My idea is to mark each node we traverse as visited, and if we come across a visited node again, we would know a loop exists. But most of the examples involve sets, and our class hasn't gone over that yet. How do I proceed?

EDIT: WHAT I CAME UP WITH:

struct Node
{
int data;
struct node *left; 
struct node *right;
bool visited = false;
};

bool HasLoop(Node* root)
{    
  if(root==nullptr)
return;

if(root->visited)
return true;

if(!root->visited)
{
    root->visited = true;
    hasALoop(root->left);
    hasALoop(root->right);
}
return false;


}

回答1:

This can be done by simple traversal of the tree, by using a visited flag attribute (basically a bool member variable).

First you have a traversal where you clear the visited flag. Then you do a second traversal checking if the visited flag have been set for the node.
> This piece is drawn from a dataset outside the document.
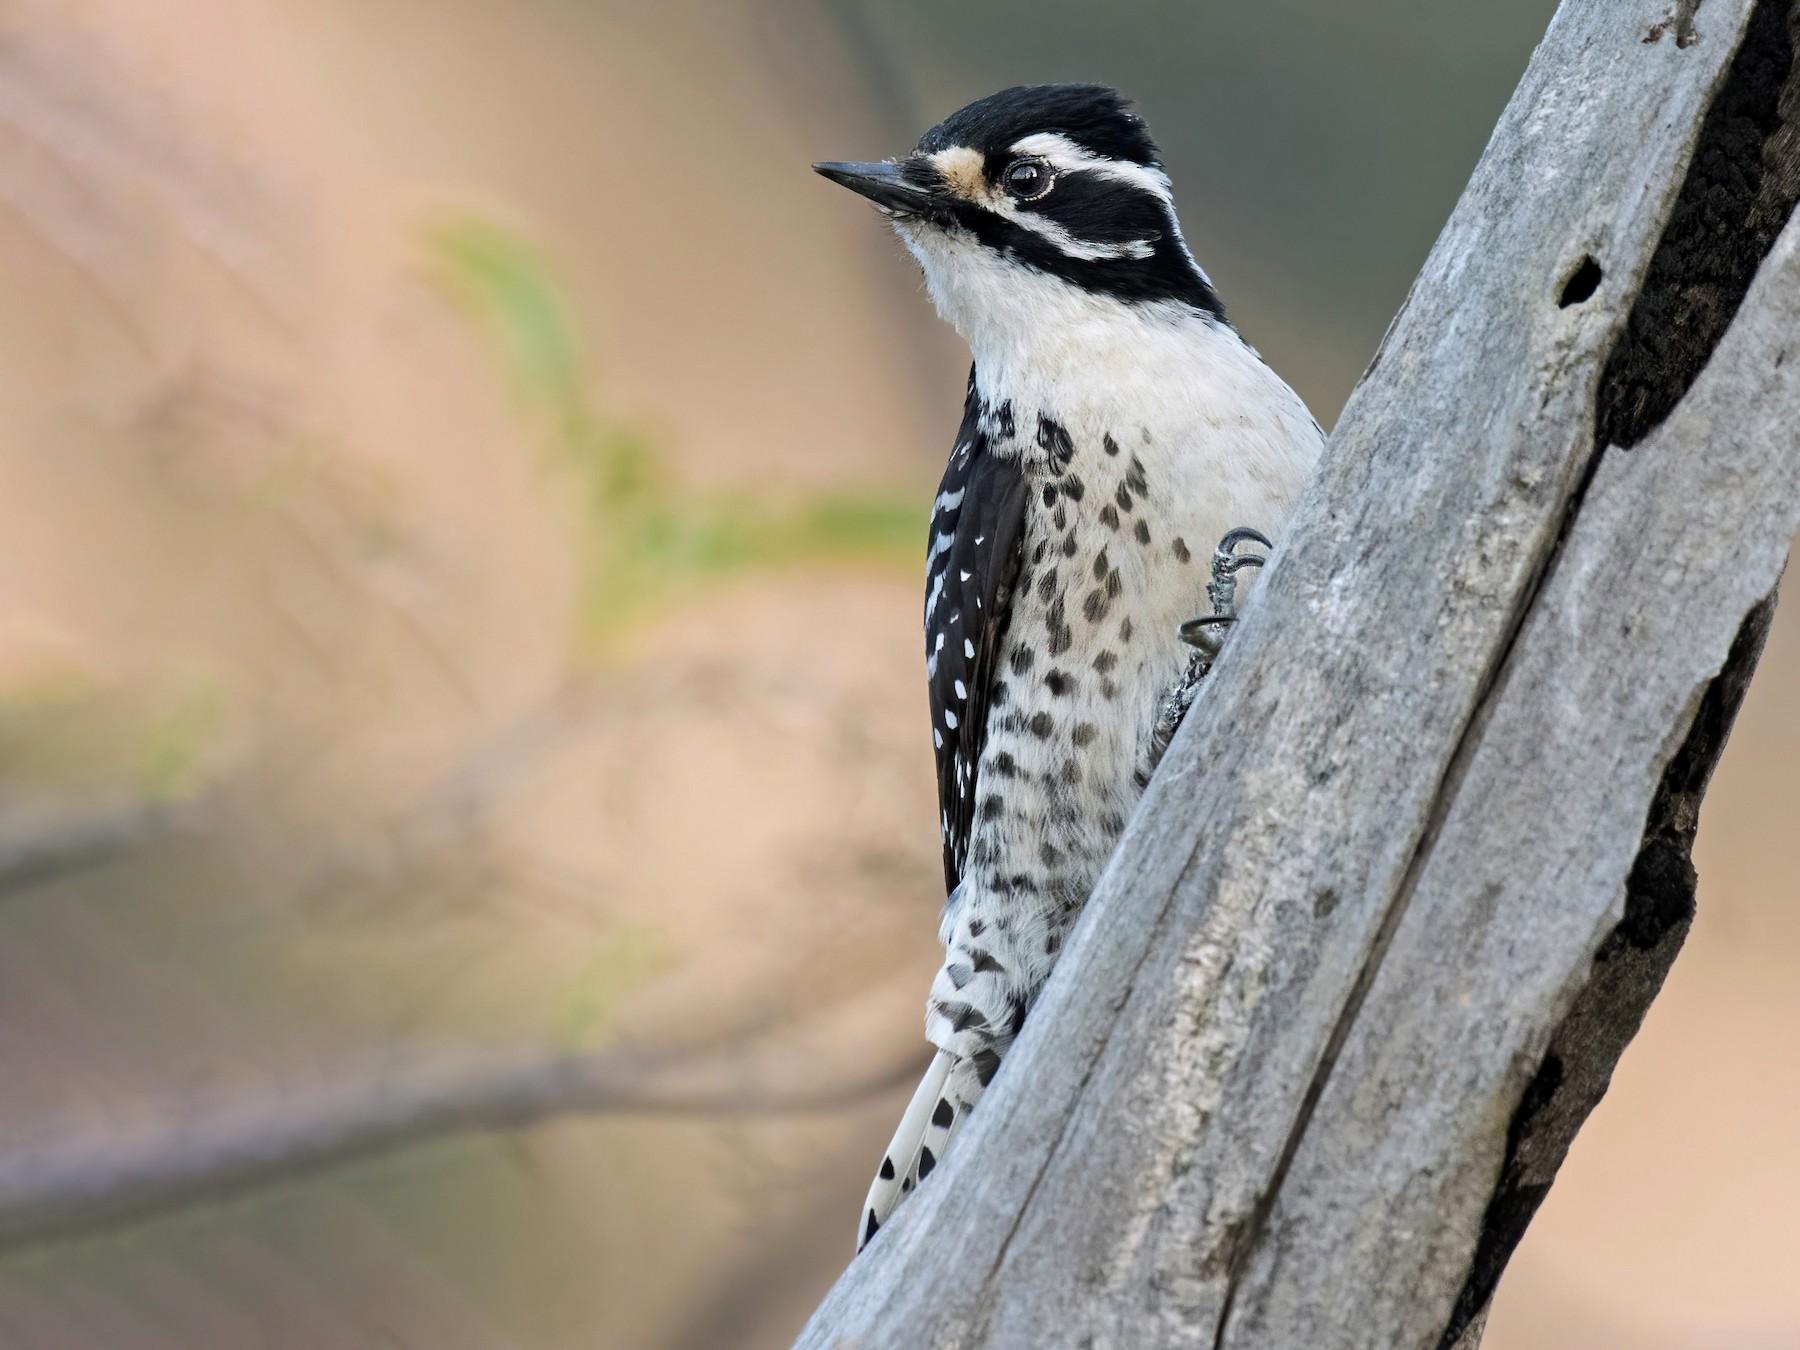 Nuttall's Woodpecker - Alison Davies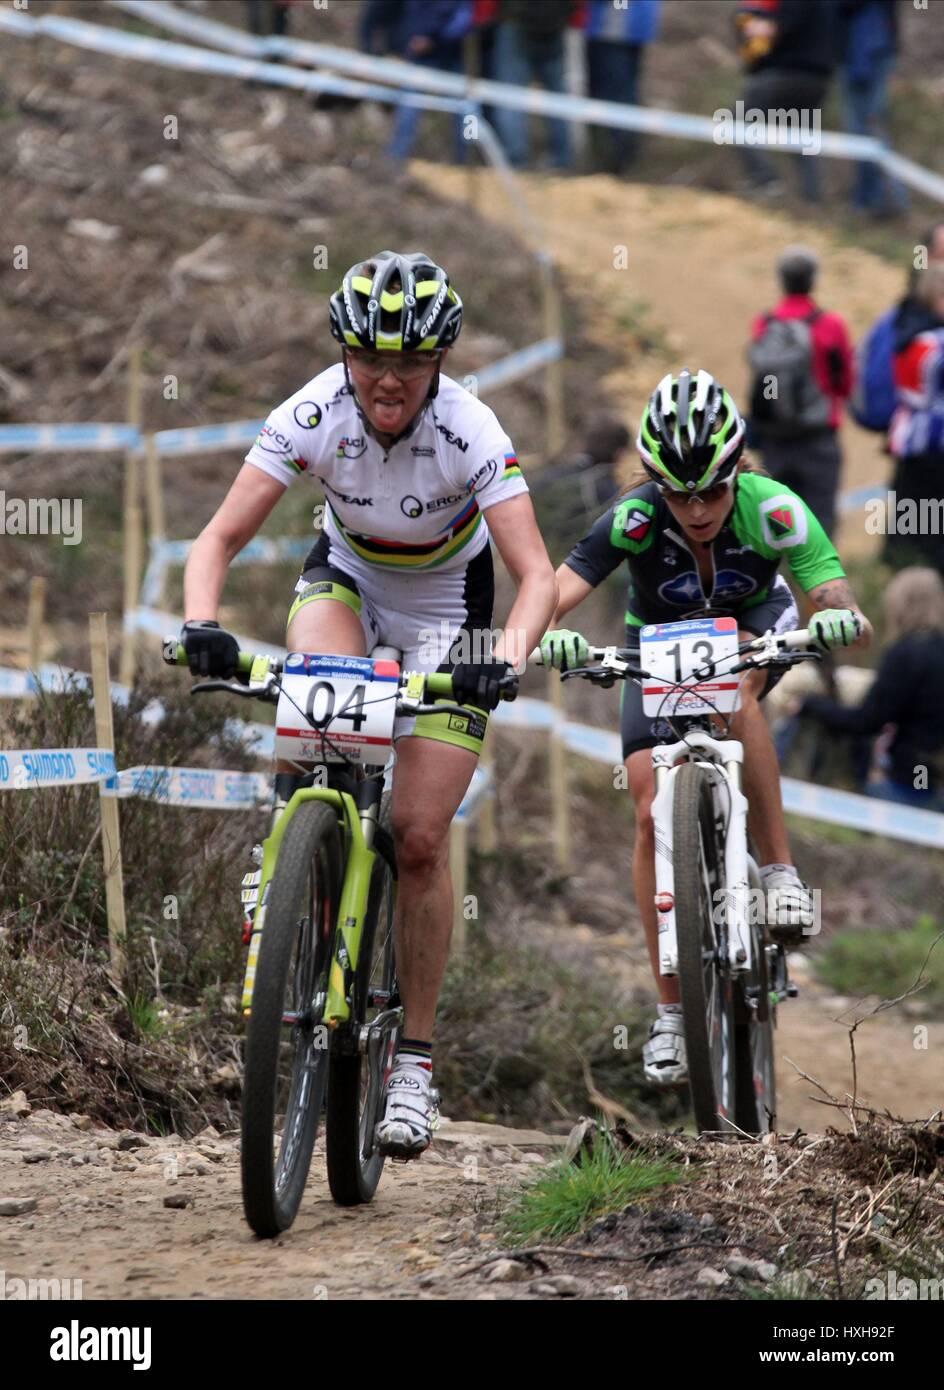 IRINA KALENTIEVA UCI MOUNTAIN BIKE WORLD CUP DALBY FOREST ...

If it haven't then you set it, else you report a loop.

In pseudo-code it could look something like this:

void check_loop(tree_node* const root)
{
    if (root->visited)
    {
        // You have a loop, report it
    }
    else
    {
        root->visited = true;

        // Traverse to children
        if (root->left)
        {
            check_loop(root->left);
        }

        if (root->right)
        {
            check_loop(root->right);
        }
    }
}

In my example above, the sub-tree traversal stops once you found a loop.

This will check all nodes in the tree, interior as well as leaf nodes, and also catches complicated loops and not only direct ones as you show.

回答2:

You can implement a similar function to the one I did in a recent contest

bool vis[100000] = {false};
int flag = 0;

void HasLoop(Node* root)
{    

if(root==NULL)
    return;

if(vis[root->data]==false)
    vis[root->data]=true;
else
    flag = 1; // This means it is already visited so set flag = 1


HasLoop(root->left);
HasLoop(root->right);

return;
}

Though this function works only if you don't have repeated data value in the tree. If you have it, then you can change structure of your tree so that every node has a unique id or index value and can check that in your vis array.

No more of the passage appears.